Do Copyrighted Works Require a Human Author?

The question of whether copyright protection may be afforded to AI outputs—such as images created by Midjourney or texts created by ChatGPT—hinges largely on the legal concept of "authorship." Article I, Section 8, Clause 8 of the U.S. Constitution, often referred to as the Intellectual Property (IP) Clause, empowers Congress to "secur[e] for limited Times to Authors . . . the exclusive Right to their . . . Writings." Based on this authority, the Copyright Act affords copyright protection to "original works of authorship." While the Constitution and Copyright Act do not explicitly define who (or what) may be an "author," U.S. courts to date have not recognized copyright in works that lack a human author—including works created autonomously by AI systems.

Before the proliferation of generative AI, U.S. courts did not extend copyright protection to various nonhuman authors, holding that a monkey who took photos of himself lacked standing to sue under the Copyright Act; that human authorship was required to copyright a book purportedly inspired by celestial beings; and that a living garden could not be copyrighted. The U.S. Copyright Office has also long maintained that copyrighted works must be "created by a human being" and therefore refused to register works that are "produced by a machine or mere mechanical process that operates randomly or automatically without any creative input or intervention from a human author."

At least one lawsuit has—unsuccessfully, thus far—challenged the human-authorship requirement in the context of AI. In June 2022, Stephen Thaler sued the Copyright Office for denying his application to register a visual artwork that he claims was authored "autonomously" by an AI program. Dr. Thaler argued that human authorship is not required by the Copyright Act. In August 2023, a U.S. district court granted summary judgment in favor of the Copyright Office. The court held that "human authorship is an essential part of a valid copyright claim," reasoning that only human authors need copyright as an incentive to create expressive works.

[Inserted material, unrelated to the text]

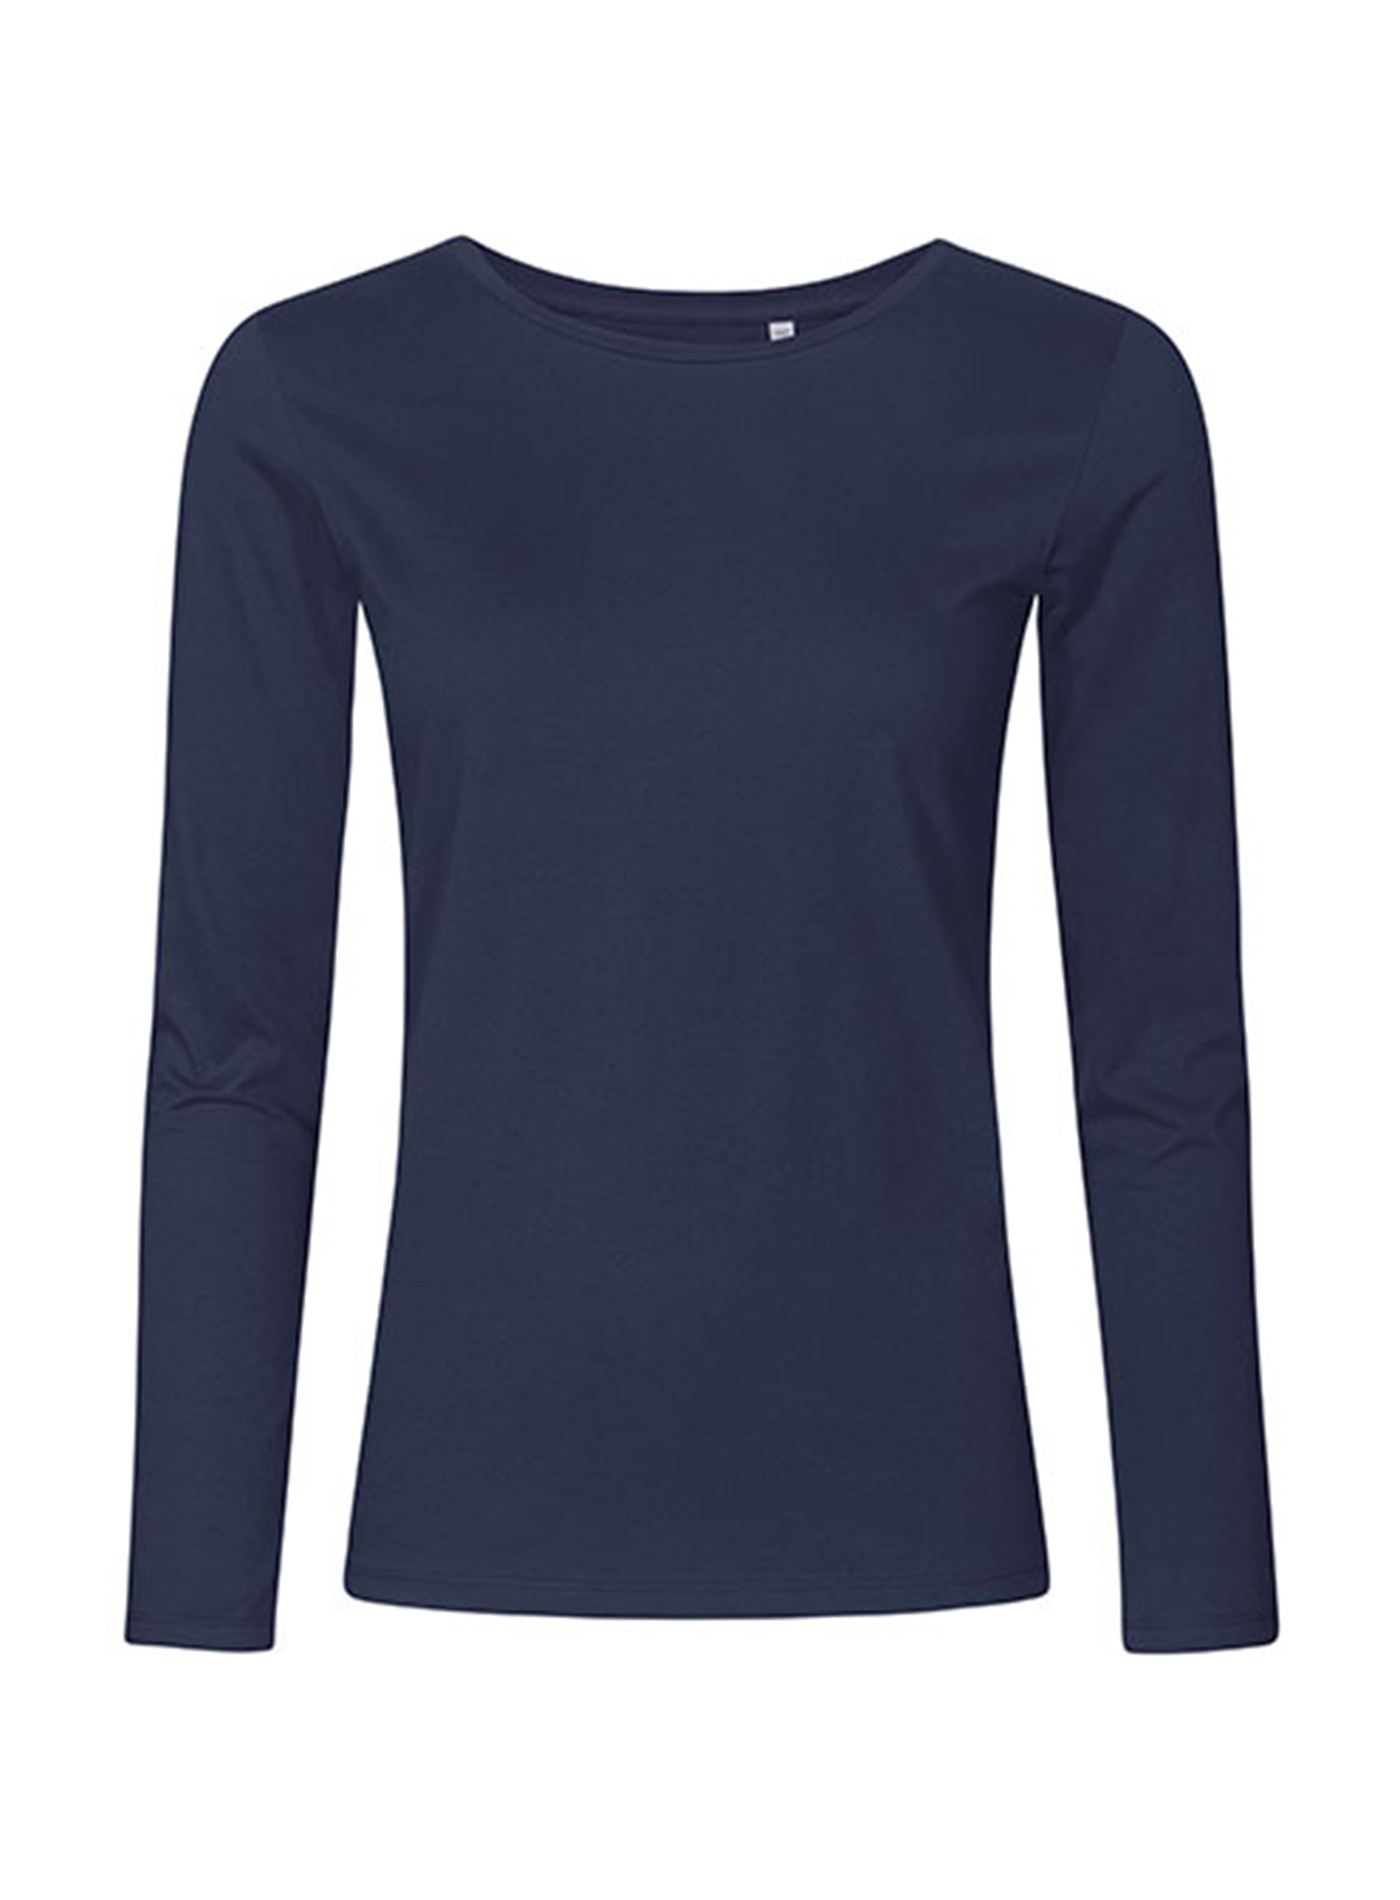 Dámské tričko s dlouhým rukávem s kulatým výstřihem Promodoro - Námořnická modrá L
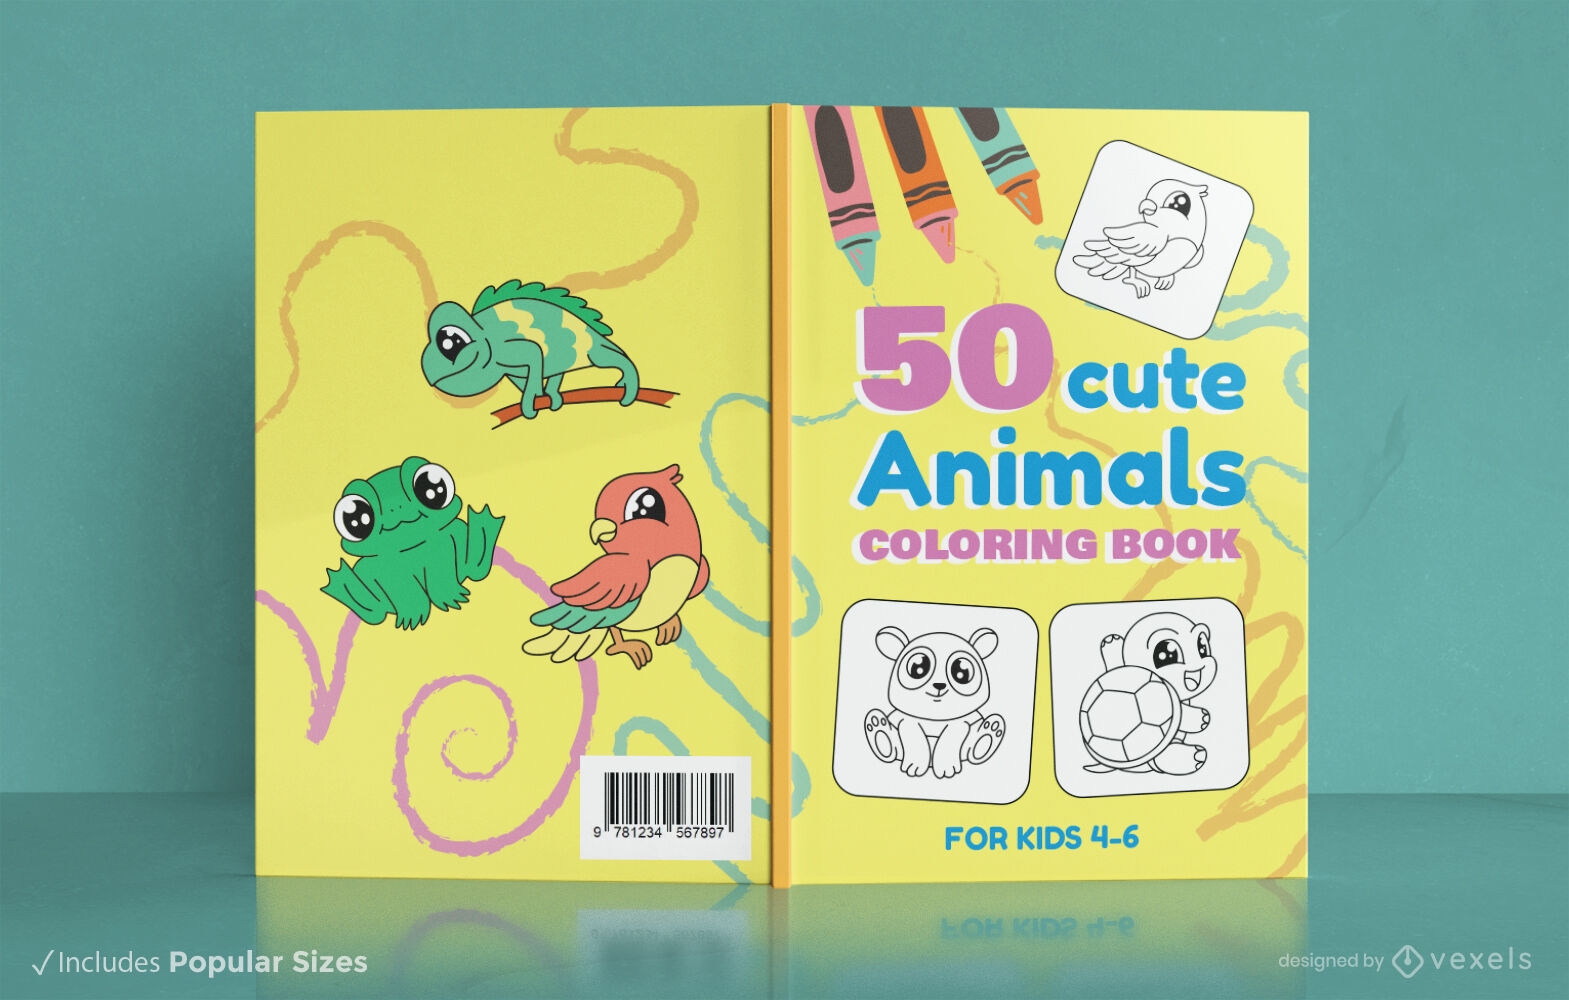 Children's animal coloring book design

In March 2025, the U.S. Court of Appeals for the D.C. Circuit affirmed the district court's decision in Thaler v. Perlmutter, holding that the Copyright Act "requires all eligible work to be authored in the first instance by a human being." The court reasoned that several provisions of the Copyright Act imply that it uses the word "author" only to refer to human beings, including provisions (1) vesting copyright ownership "initially in the author"; (2) limiting copyright duration to 70 years after "the author's death"; (3) providing for inheritance of certain rights by the author's "widow or widower" or "surviving children or grandchildren"; (4) requiring a signature to transfer copyright ownership; (5) extending protection to unpublished works regardless of the author's "nationality or domicile"; and (6) defining a "joint work" based on the authors' "intention" to merge their contributions in a certain way. In addition, the court observed that the Copyright Office had adopted the human-authorship requirement years before Congress enacted the current Copyright Act. The court thus inferred that Congress meant to adopt the human-authorship requirement when it enacted the law. Based on its holding that the Copyright Act requires human authorship, the court found it unnecessary to evaluate the Copyright Office's argument that the Constitution's IP Clause requires human authorship for copyrighted works. On May 12, 2025, the court denied Dr. Thaler's petition to rehear the case en banc (i.e., by all of the court's judges).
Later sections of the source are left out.